In wenigen Wochen beginnt die Deutsche Bahn im Erzgebirge in Sachsen mit einem Pilotprojekt. Auf der rund 30 Kilometer langen Strecke von Annaberg-Buchholz nach Wolkenstein sind tägliche Testfahrten mit einer Diesellok geplant, die mit Computer, Videokameras und Sensoren ausgerüstet wird. Das System soll Signale erkennen, Hindernisse identifizieren und entsprechend reagieren. Hängt da nur ein harmloser, dünner Zweig im Gleis oder liegt ein Baum auf den Schienen? Dabei stehe man noch am Anfang, räumt ein Bahnsprecher ein: «Wir glauben aber, dass wir die Probleme lösen können.»
Kritik an der «Insellösung» der Bahn
Folgt man dem Bahnexperten Markus Hecht von der Technischen Universität Berlin, dann ist die Deutsche Bahn beim führerlosen Zugfahren nicht vornedran, sondern im Hintertreffen. Teilstrecken von Thameslink in England würden bereits ohne Lokführer betrieben. In Australien gebe es Erzzüge, die sehr lange Strecken ohne einen Menschen an der Spitze zurücklegten, sagt der Professor, der das Fachgebiet Schienenfahrzeuge am Institut für Land- und Seeverkehr leitet.
Hecht hält es vor allem für einen Fehler, dass die Bahn allein für sich forscht. «Das ist eine Insellösung, die nichts bringt.» Die Deutschen müssten vielmehr auf eine europäische Lösung hinarbeiten und dabei große Hersteller wie Bombardier und Siemens, die großen Eisenbahnen in den Nachbarstaaten sowie die Europäische Eisenbahnagentur (ERA) als Aufsichtsbehörde einbinden.
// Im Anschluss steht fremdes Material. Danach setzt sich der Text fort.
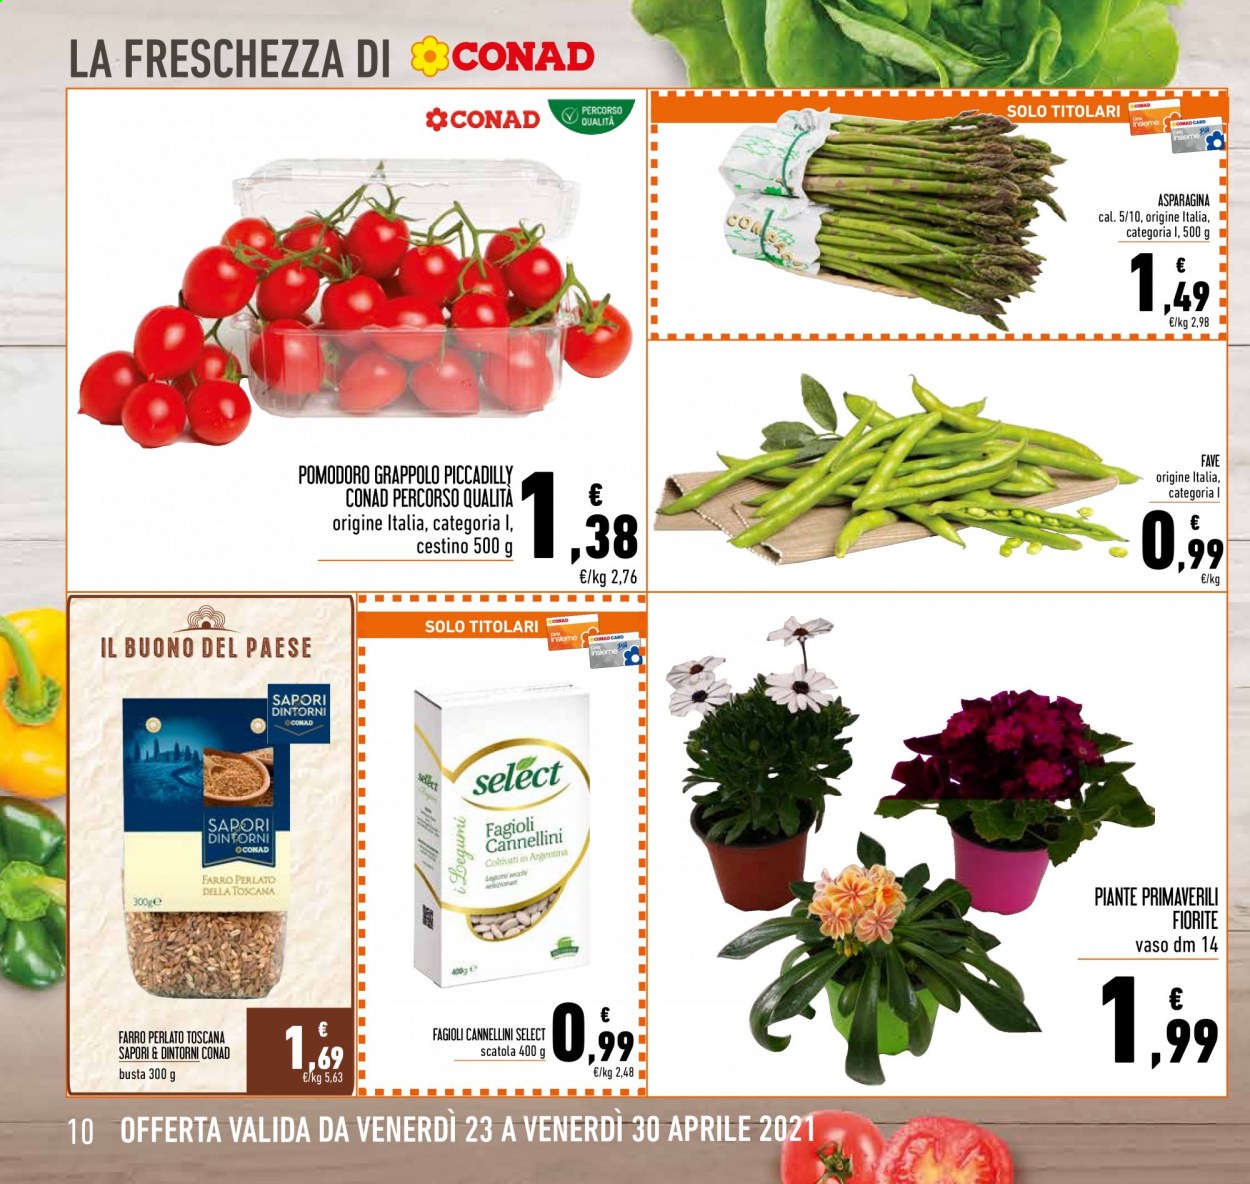 thumbnail - Volantino Conad - 23/4/2021 - 30/4/2021 - Prodotti in offerta - fave, pomodori, fagioli, fagioli cannellini, farro perlato, farro, vaso. Pagina 10.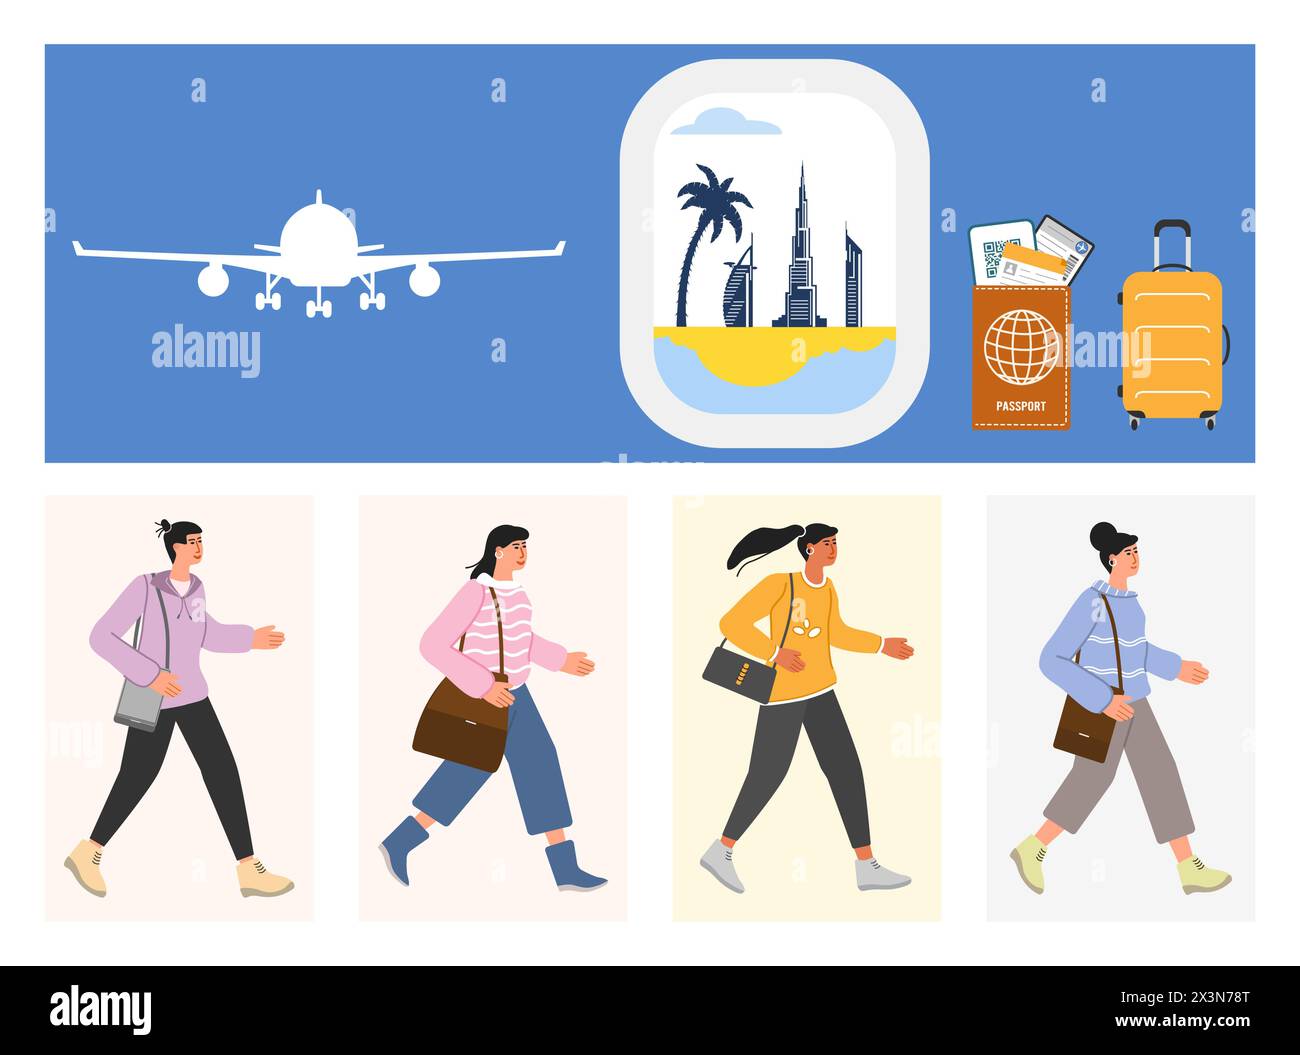 Illustration vectorielle personnes valise avion bâtiments de Dubaï, vue des hôtels depuis le hublot. Passeport voyage carte d'embarquement Tourisme vacances attraction touristique Illustration de Vecteur

Das modernste Zugleitsystem ETCS als Zwischenschritt und Voraussetzung für voll automatisierten Zugbetrieb gebe es bislang nur auf der Strecke Leipzig-Erfurt, kritisiert Hecht. Ein Hauptproblem sieht er darin, was passiert, wenn ein Zug wegen einer Fehlermeldung gestoppt wird. «Wer stellt dann fest, dass es ein Fehlalarm war? Wer gibt das Kommando, dass der Zug weiterfahren darf?» In der Praxis dürfte das nach Einschätzung Hechts häufiger passieren, als es der Bahn lieb ist.